Dieses Szenario der Wissenschaftler könnte beispielsweise erklären, warum auf Satellitenbildern oft Ölflecken über Asphaltvulkanen und anderen Öl-Seeps zu erkennen sind, die als eine Art „Wegweiser“ dienen. „Wir suchen Asphaltvulkane, indem wir auf Satellitenbildern nach relativ kleinen Ölflecken auf dem Wasser schauen. Diese stammen von Öl, das aus 3.000 Metern Tiefe an die Oberfläche steigt. Finden wir Stellen, an denen sich die Ölflecken über lange Zeit am selben Ort halten, lohnt es sich nachzusehen, ob dieses Öl aus einem Asphaltvulkan aufsteigt.“, so Bohrmann.

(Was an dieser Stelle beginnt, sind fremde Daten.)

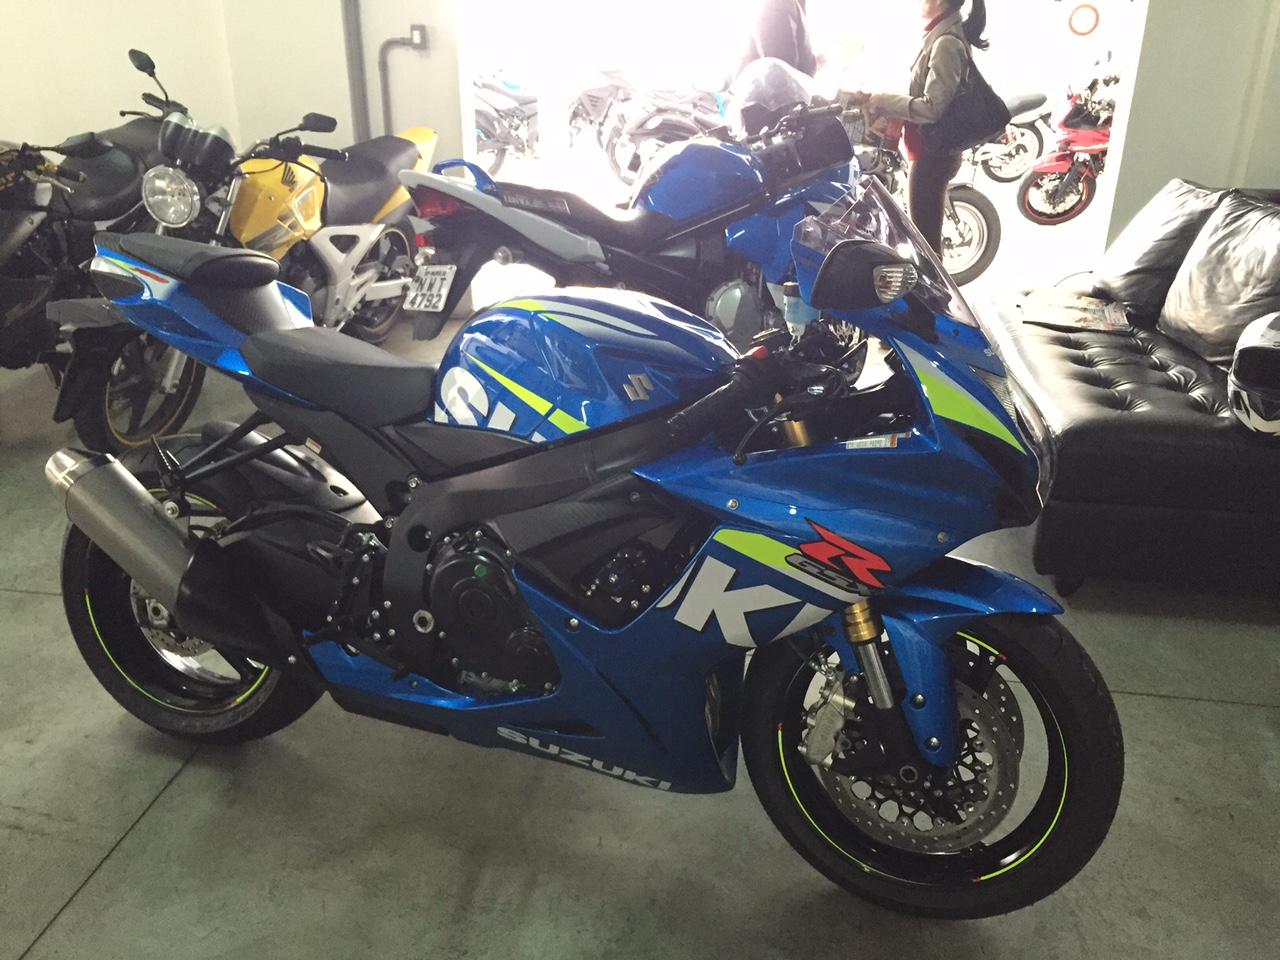 Falae Galera!!! Mais uma Srad 750 Azul MotoGP na área A31e9bb44af908e95fe3eafa24b547dd16fa6a82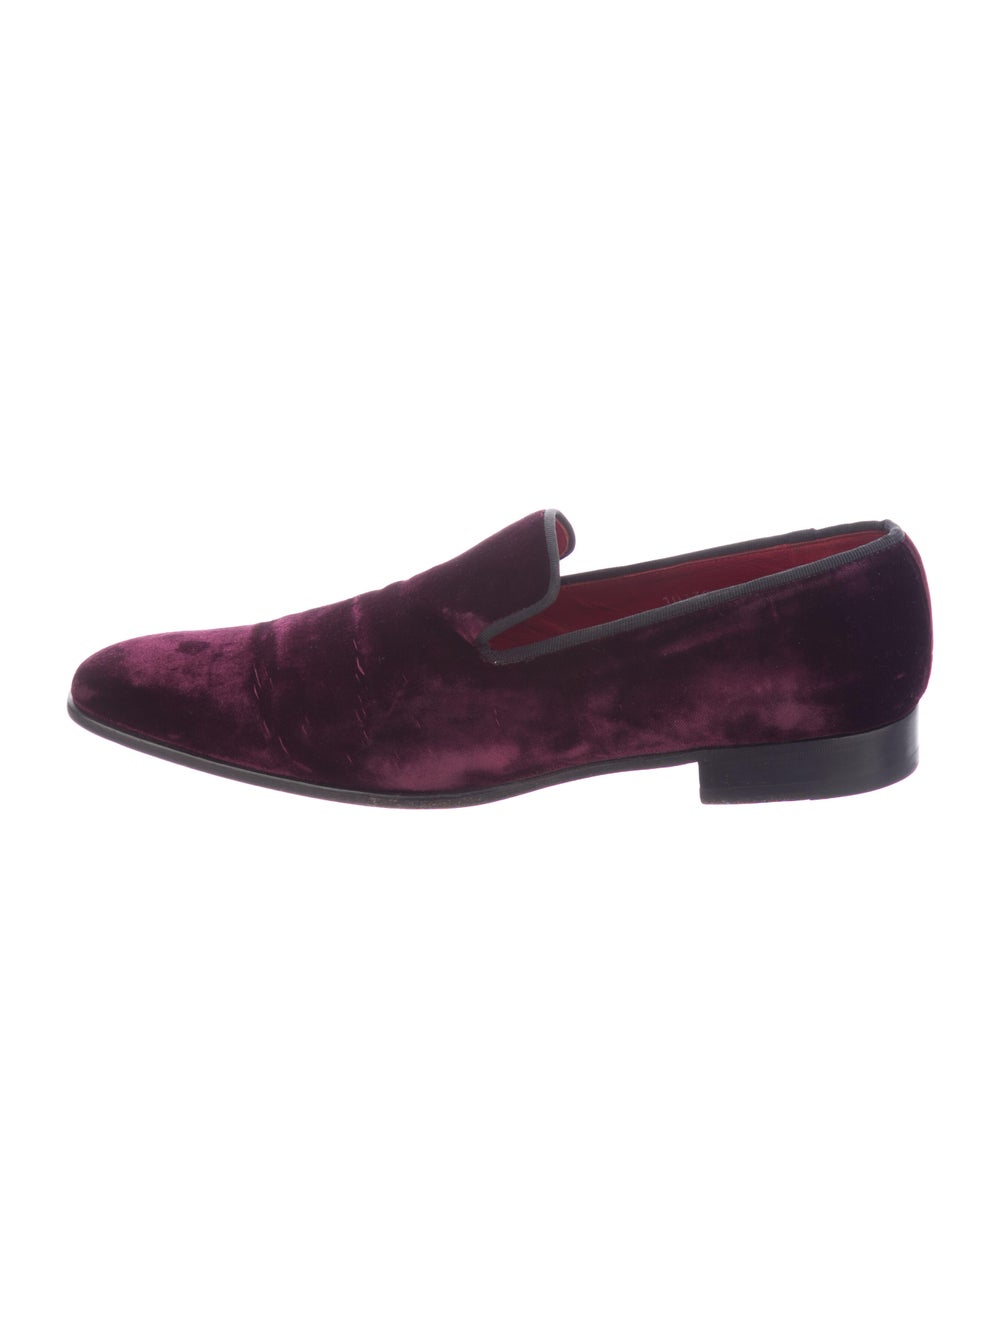 Magnanni Slippers Purple - image 1

Noch einige weitere Indizien sprechen eindeutig für diese Theorie, die der Meeresgeologe und seine Kollegen im Jahr 2005 in der Fachzeitschrift „Eos“ veröffentlichten. So haben Wissenschaftler schon vor einiger Zeit an Schwarzen Rauchern superkritisches Wasser aufgespürt. Die Hypothese erläutert zudem elegant, warum sich die Asphaltströme und die Strukturen der basaltischen Lava auf Hawaii so überraschend ähnlich sehen.
…oder doch kalte Quellen
Erklärung gefunden – Problem gelöst? Keineswegs. Denn echte Beweise für ihre Theorie konnten die Wissenschaftler bislang nicht vorlegen. Und die „Supercritical Water Hypothesis“ ist längst nicht die einzige Erklärung, die Wissenschaftler für das Phänomen der Asphaltvulkane parat haben.
So halten sie es ebenso für möglich, dass es sich bei den Asphalteruptionen nicht um heiße, sondern um kalte Quellen handelt. Damit der Asphalt flüssig bleibt und aus dem Erdinneren aufsteigen kann, müsste dann aber der Anteil an Gasen und Ölen im Gemisch sehr viel höher sein als bisher angenommen.
An der Meeresbodenoberfläche würde es dann mit der Zeit zu einem Ausgasen kommen. Die Gase sammeln sich dabei zunächst in Blasen und treten dann ins Wasser aus. Damit aber verlieren die Asphaltströme ihre Fließfähigkeit und erstarren irgendwann.
Welche ihrer Theorien nun die Richtige ist, wagen die Wissenschaftler bisher nicht vorherzusagen.